Only one span is wanted from the lines below: from the one with "These robotic arms, provided" up to and including the one with "Upon successful completion". Copy it exactly, without images.

Entries provided »
- - -
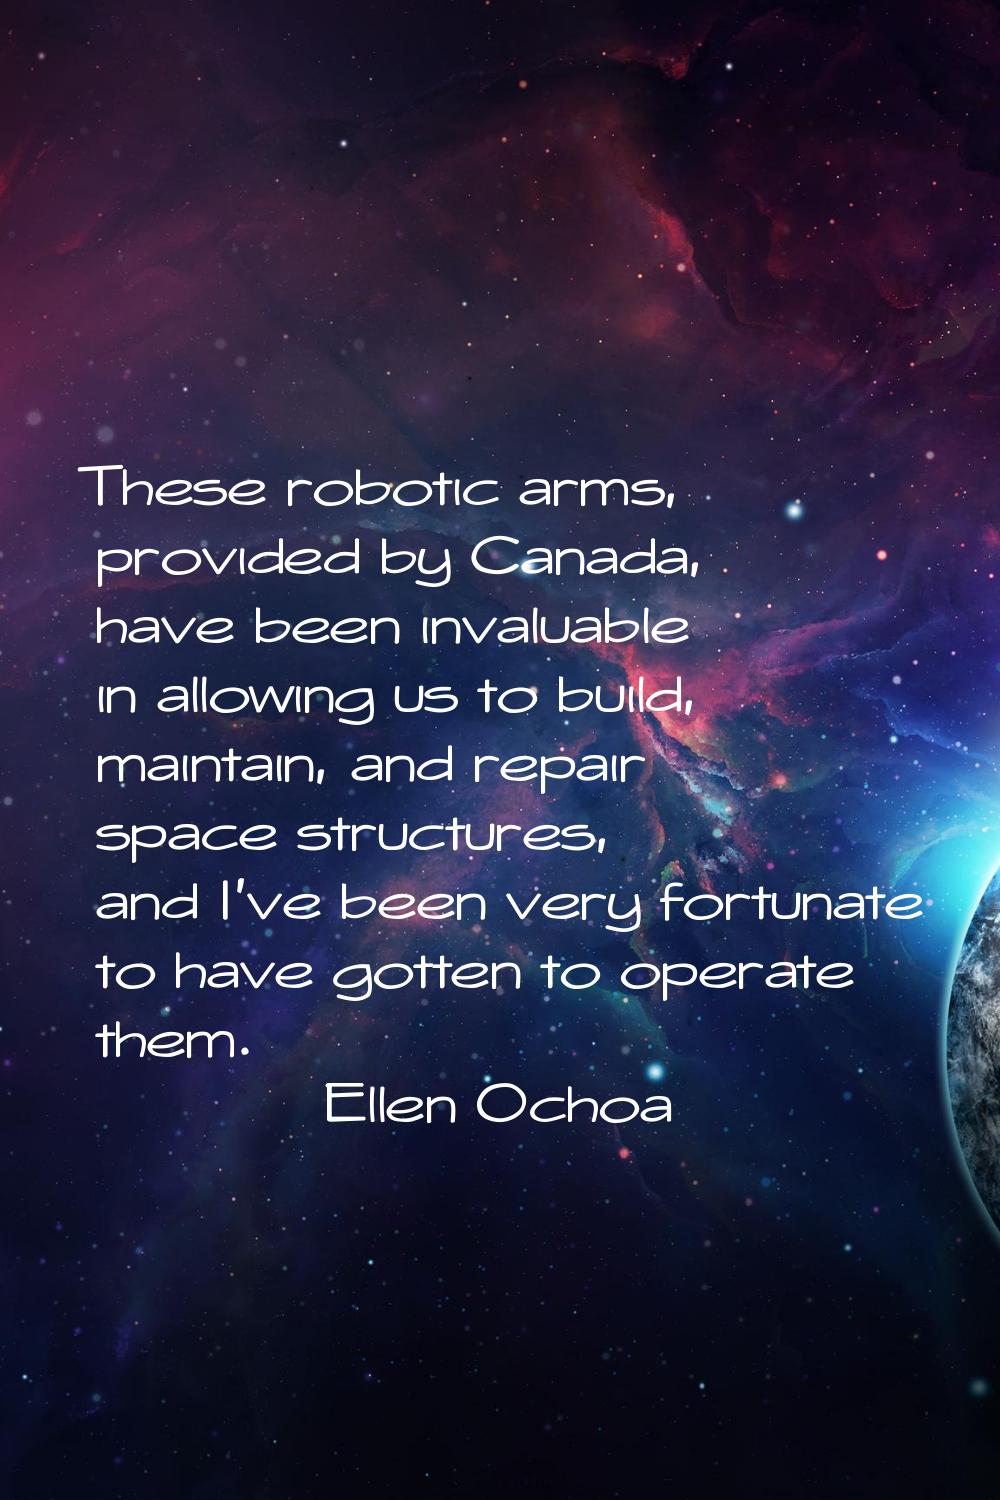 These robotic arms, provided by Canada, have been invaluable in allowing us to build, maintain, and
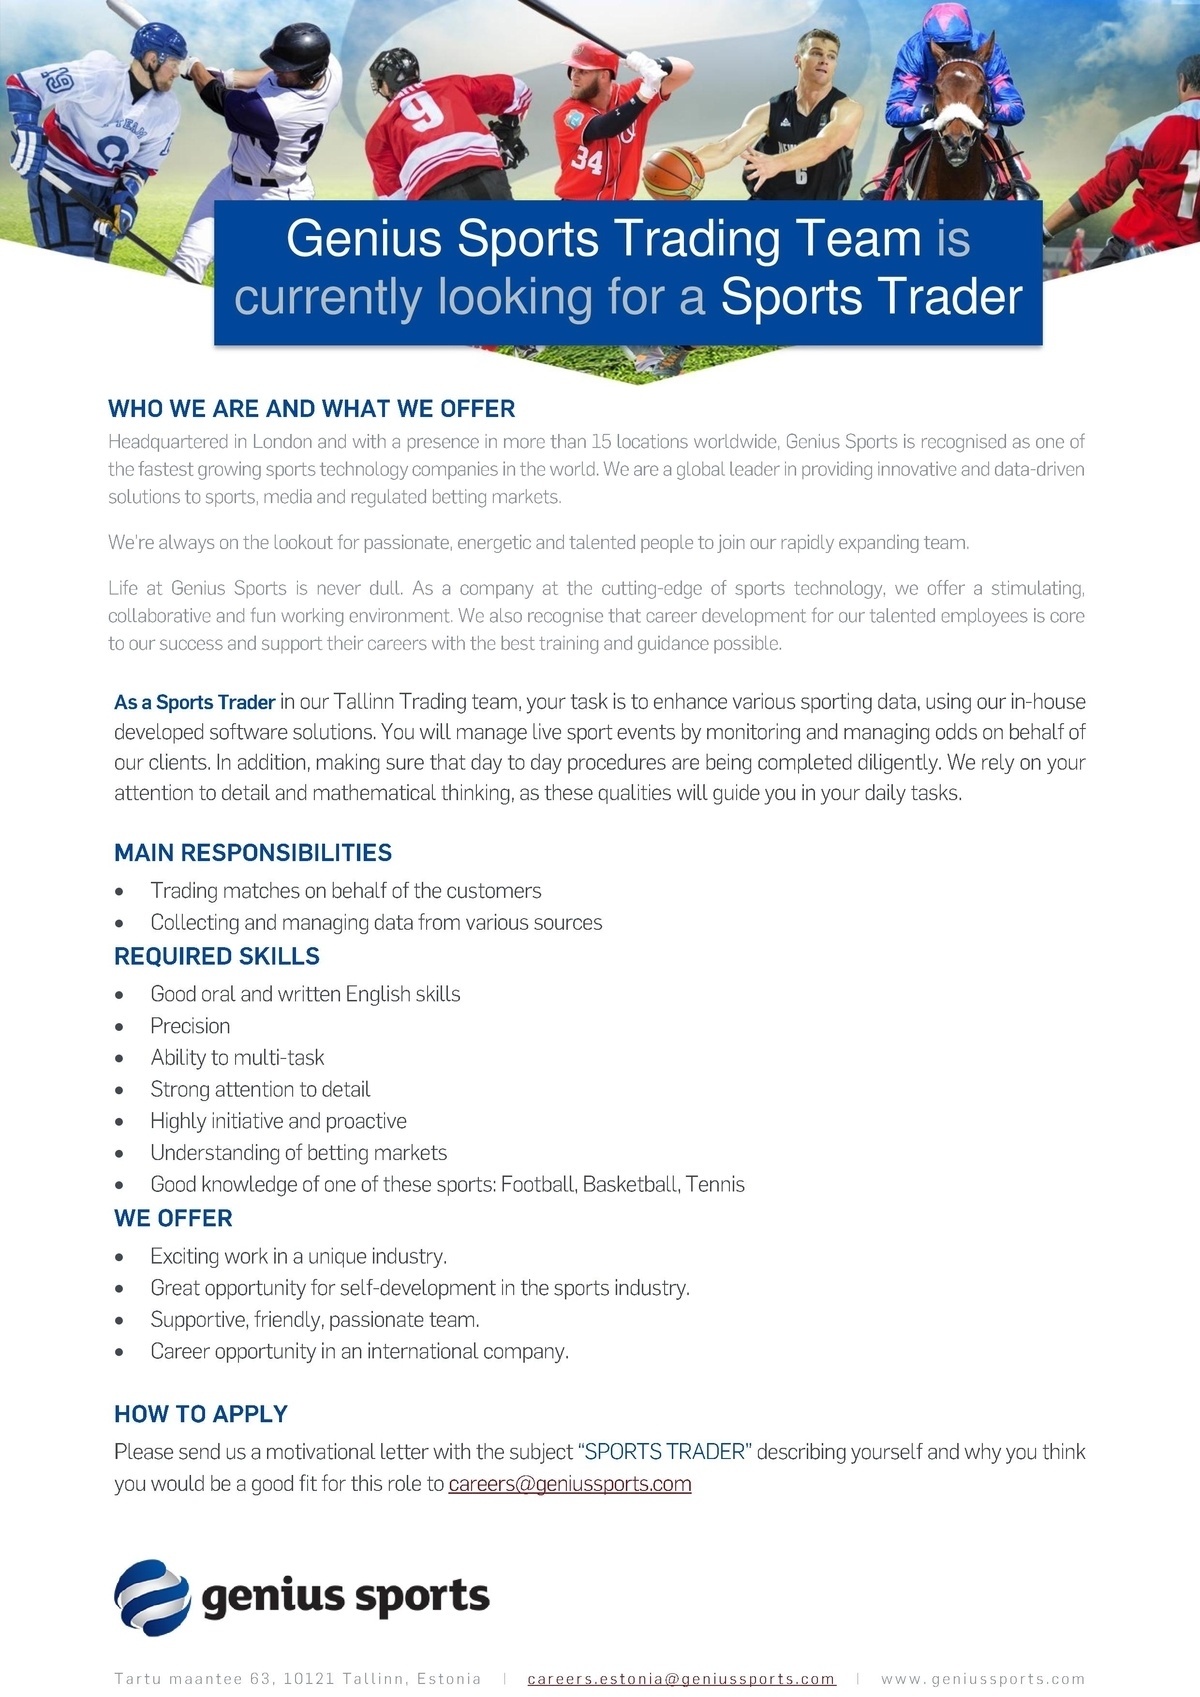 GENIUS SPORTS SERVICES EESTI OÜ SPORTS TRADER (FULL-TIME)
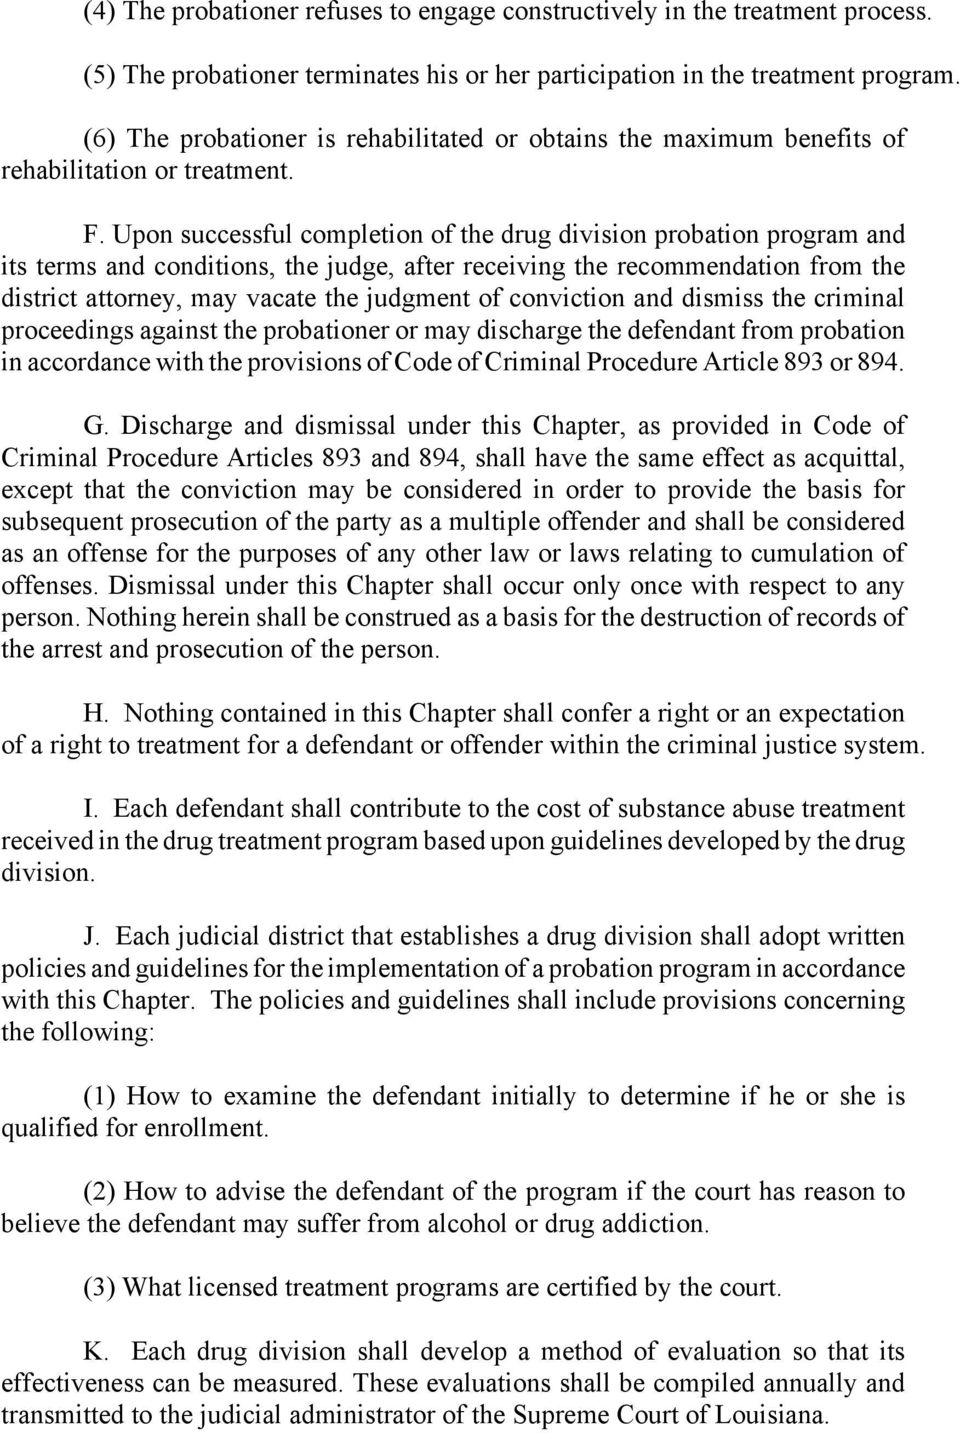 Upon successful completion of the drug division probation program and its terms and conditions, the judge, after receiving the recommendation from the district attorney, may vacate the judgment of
- - -
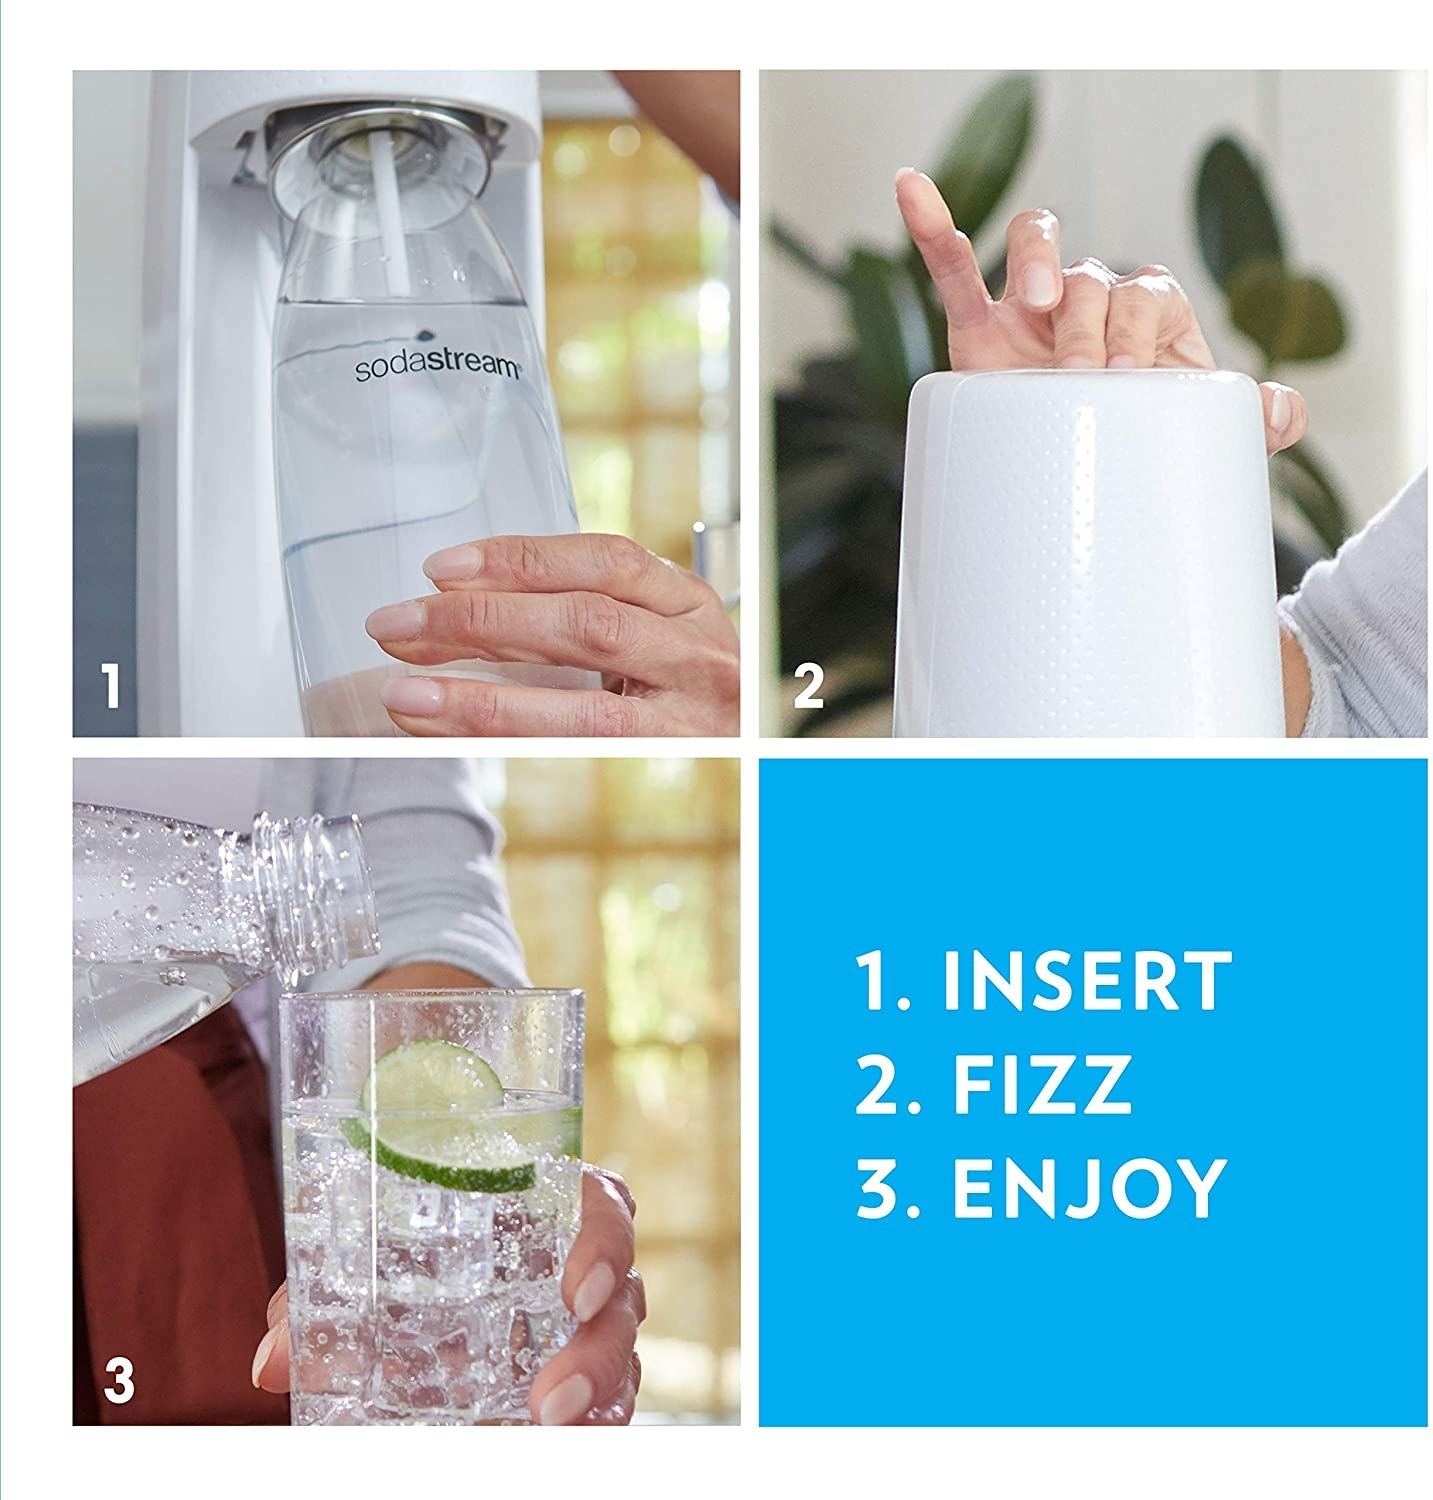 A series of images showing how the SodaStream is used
- - -
Solution for this task »
 These robotic arms, provided by Canada, have been invaluable in allowing us to build, maintain, and
 GENIUS SPORTS SERVICES EESTI OÜ SPORTS TRADER (FULL-TIME)
 Upon successful completion of the drug division probation program and its terms and conditions, the judge, after receiving the recommendation from the district attorney, may vacate the judgment of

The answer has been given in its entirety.